Several analysts issue sell alerts

Jul 10, 2010 09:07 GMT  ·  By

NVIDIA may be just about ready to launch its new graphics cards and, depending on how they turn out, they might finally enable the company's shares to one again rise on the stock market. The past few months haven't exactly been generous to the Santa Clara GPU maker. Though its shares sold at $16.99 two months ago, they are barely above $10 now and are still going down. Some analysts even downgraded the outfit from buy to hold, because of concerns regarding future marketing performance.

At present, the GPU maker is experiencing a slump in prices that can be attributed to market trends.
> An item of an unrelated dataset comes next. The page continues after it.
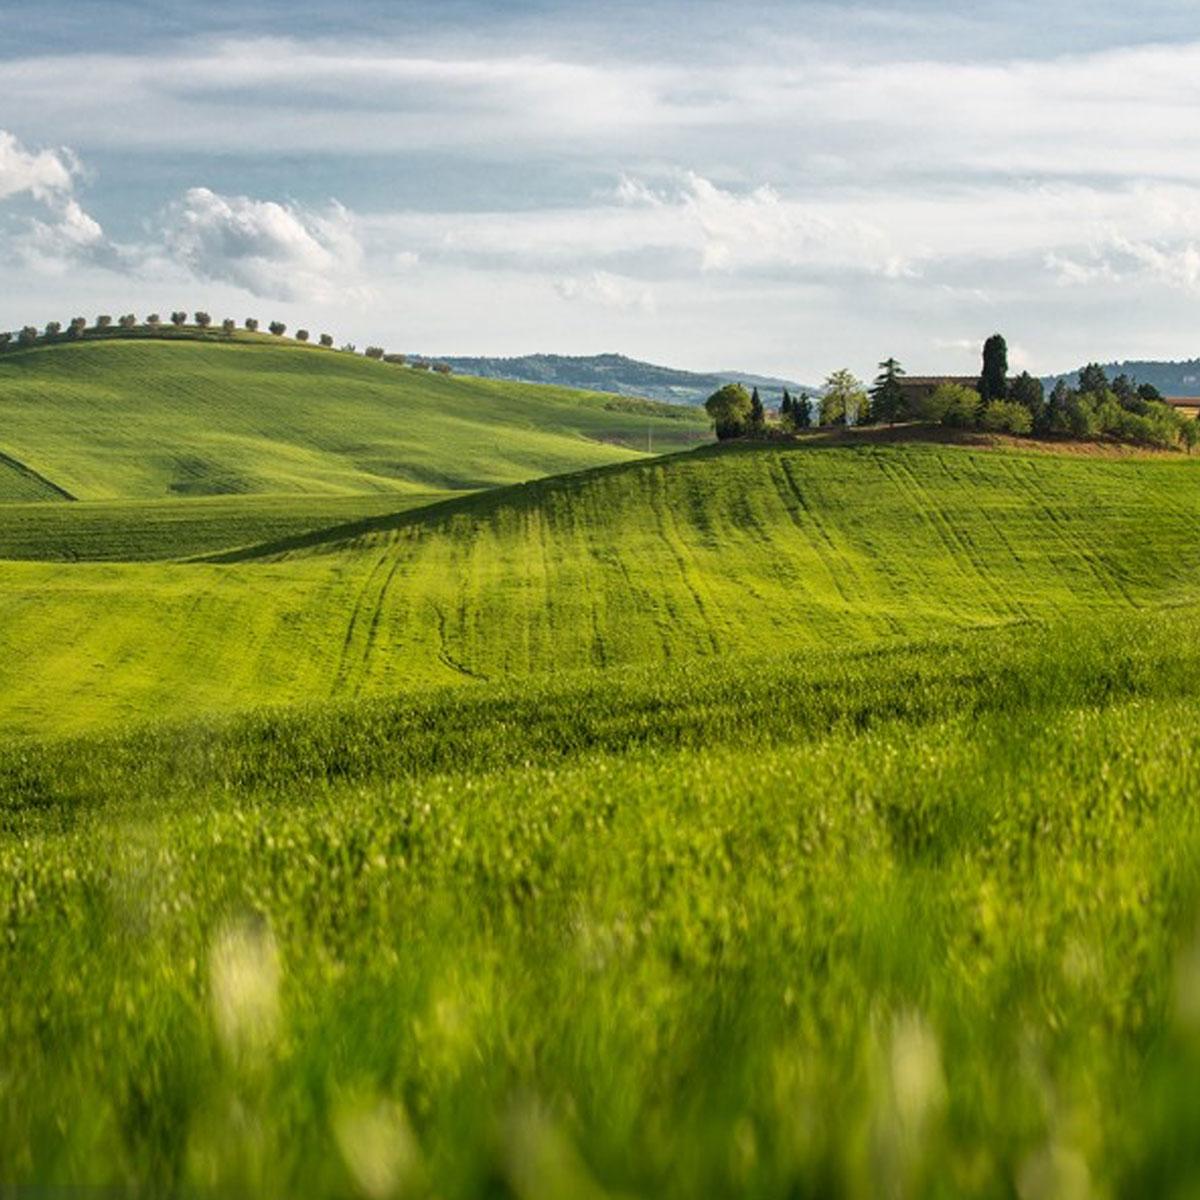 val d'orcia, colline senesi, colline toscane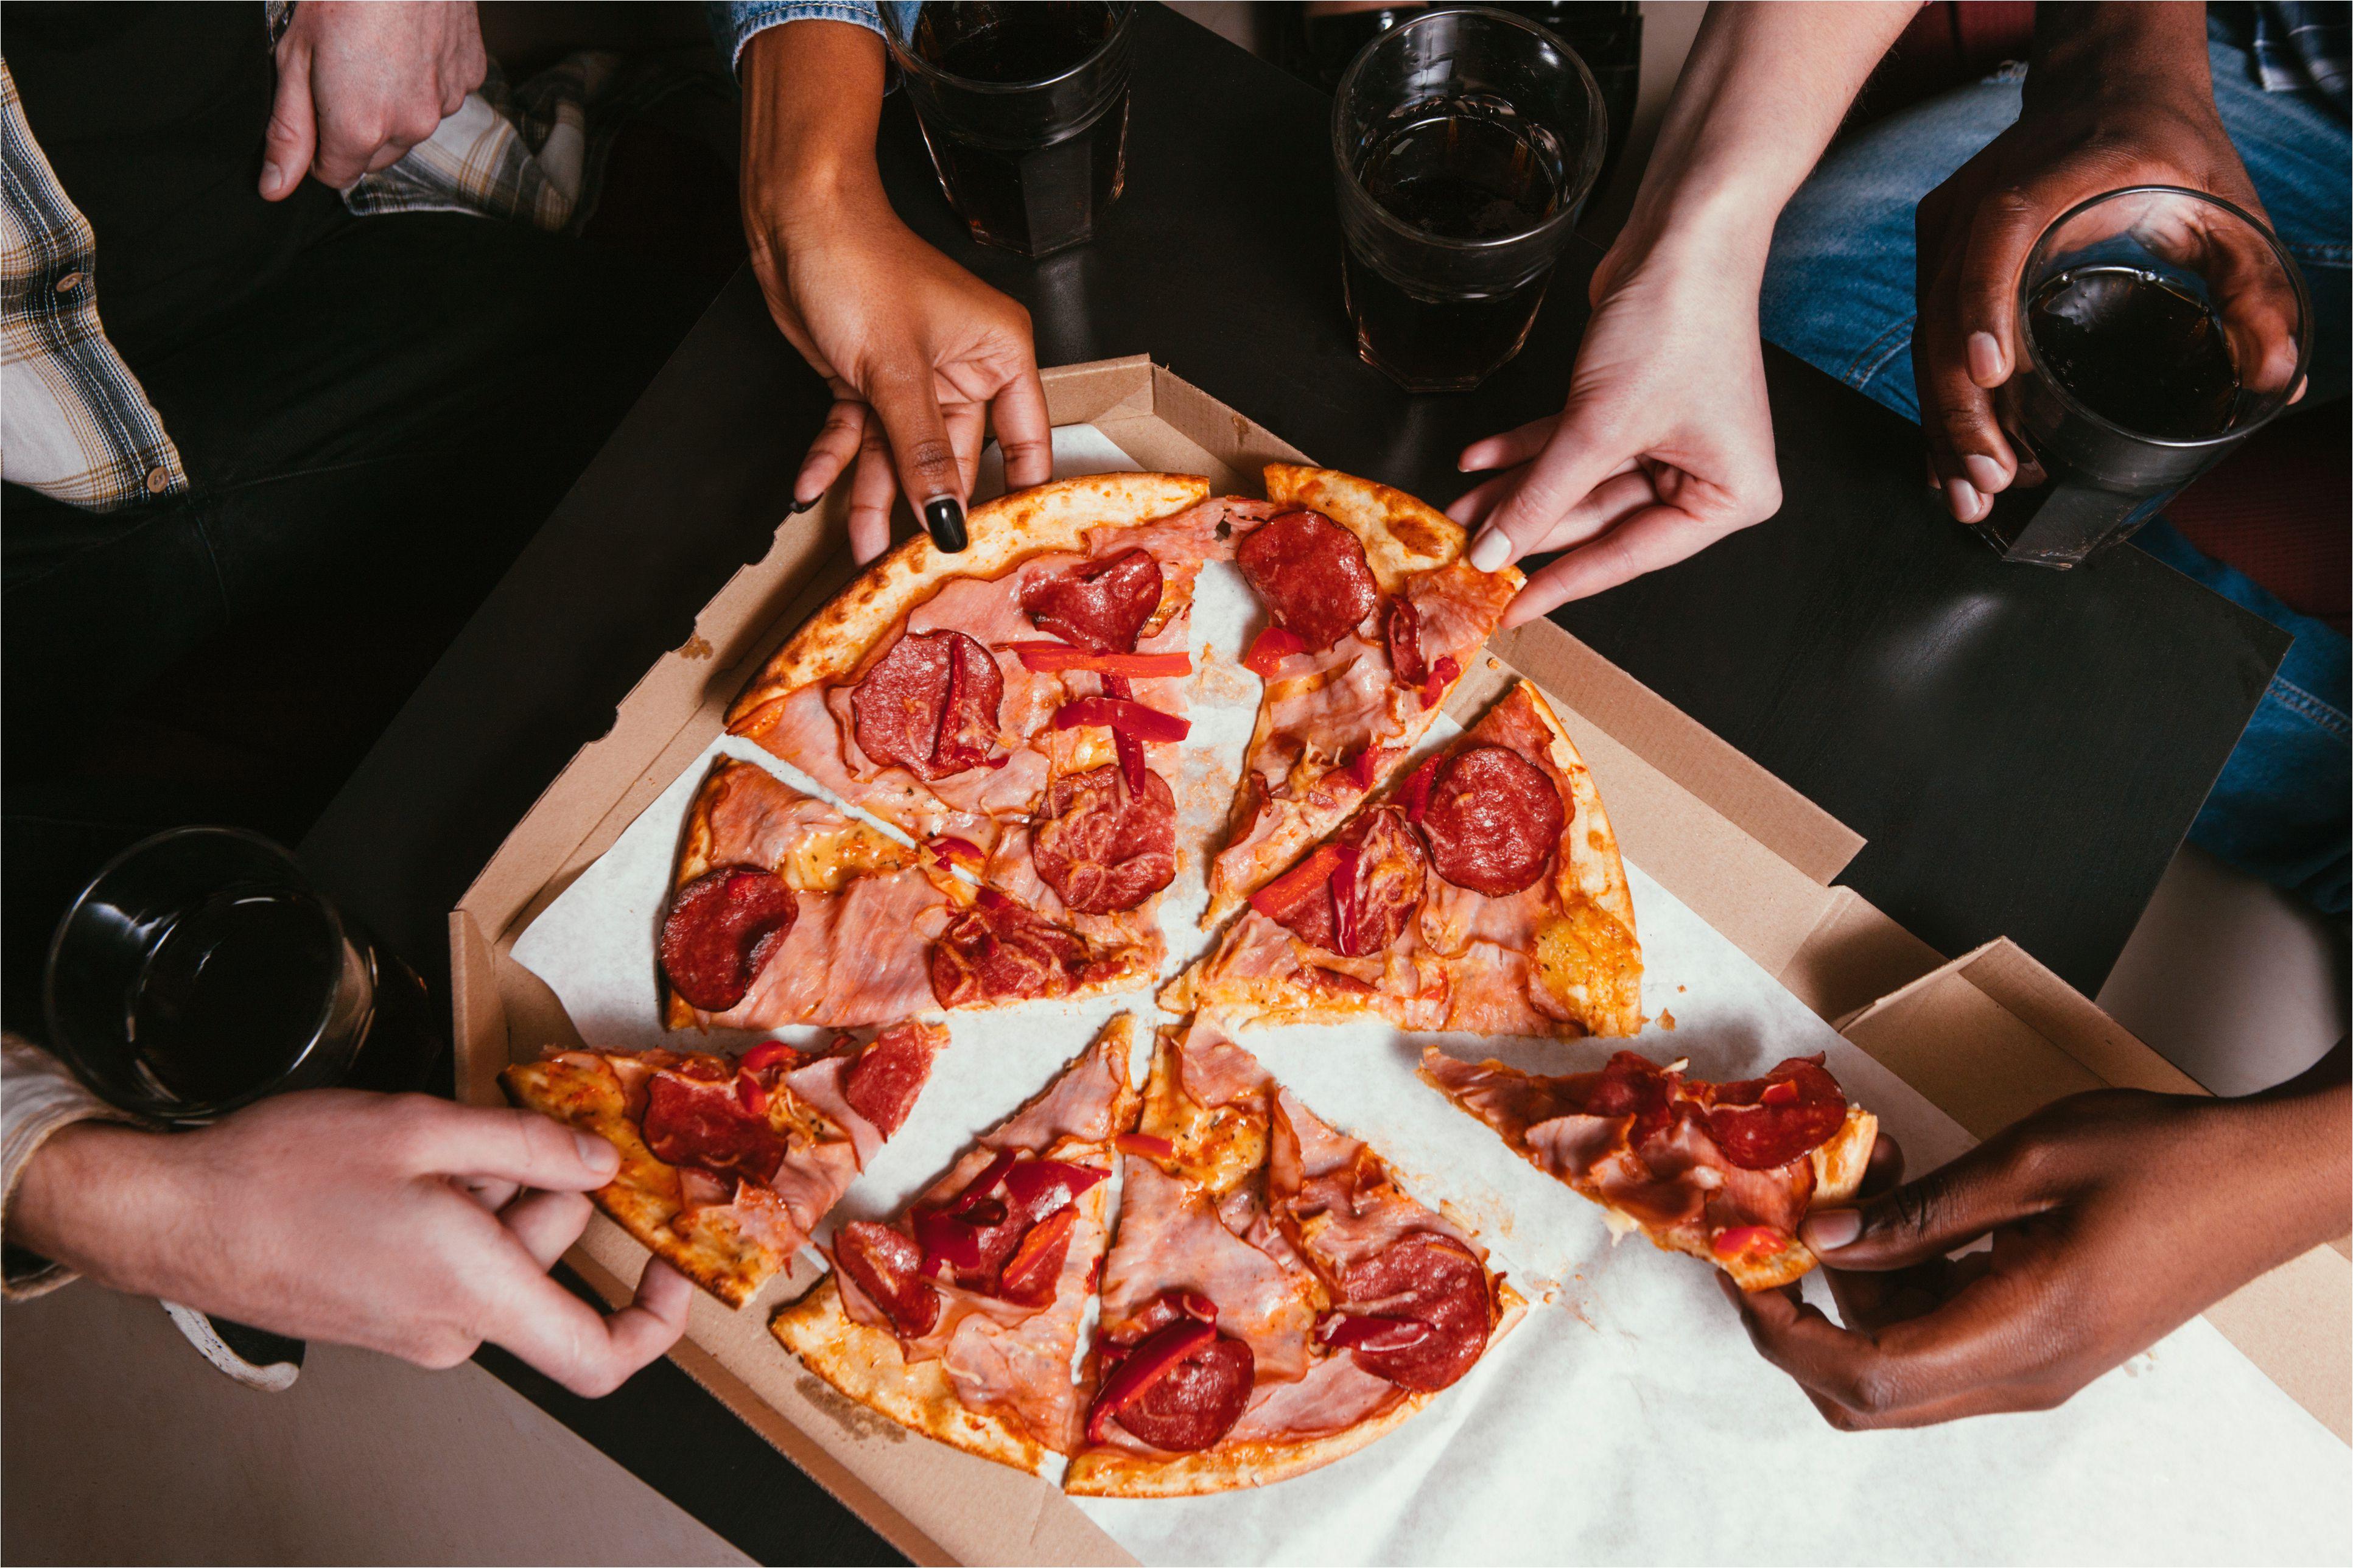 four friends company eat fresh pizza at home 680833190 5aa212418023b90037fefac0 jpg

After having lost a significant deal by letting AMD have free reign over the DirectX 11 market for months, the company was unable to stun the consumer base when it launched the GF100 products. As such, the $16.99 trading price of its shares fell to $12.10 last month and, even more recently, to $10.34. Analysts eves issues some sell alerts on NVIDIA during this time and, whether justified or not, they have definitely taken their toll.

Granted, this isn't the first time such a thing occurs. About 18 months ago, shares were priced at $7.95, but they eventually grew to $18.68, in December 2009 to be exact. Nevertheless, current conditions can't even begin to compare to 2007, when the stock was trading at over $35. As it it, the Santa Clara, California-based outfit will have to put a significant effort into its GF104, GF106 and GF108 products.

The reason NVIDIA hasn't managed to recover so far is that it only has enthusiast-grade video cards on sale. This market segment isn't exactly large, however, which means that the task of recovering lost ground will fall to the mainstream and entry-level products. The Tegra SoC, on the mobile front, may also contribute to the recovery. What remains to be seen is when these newcomers actually manage to again drive earnings upwards.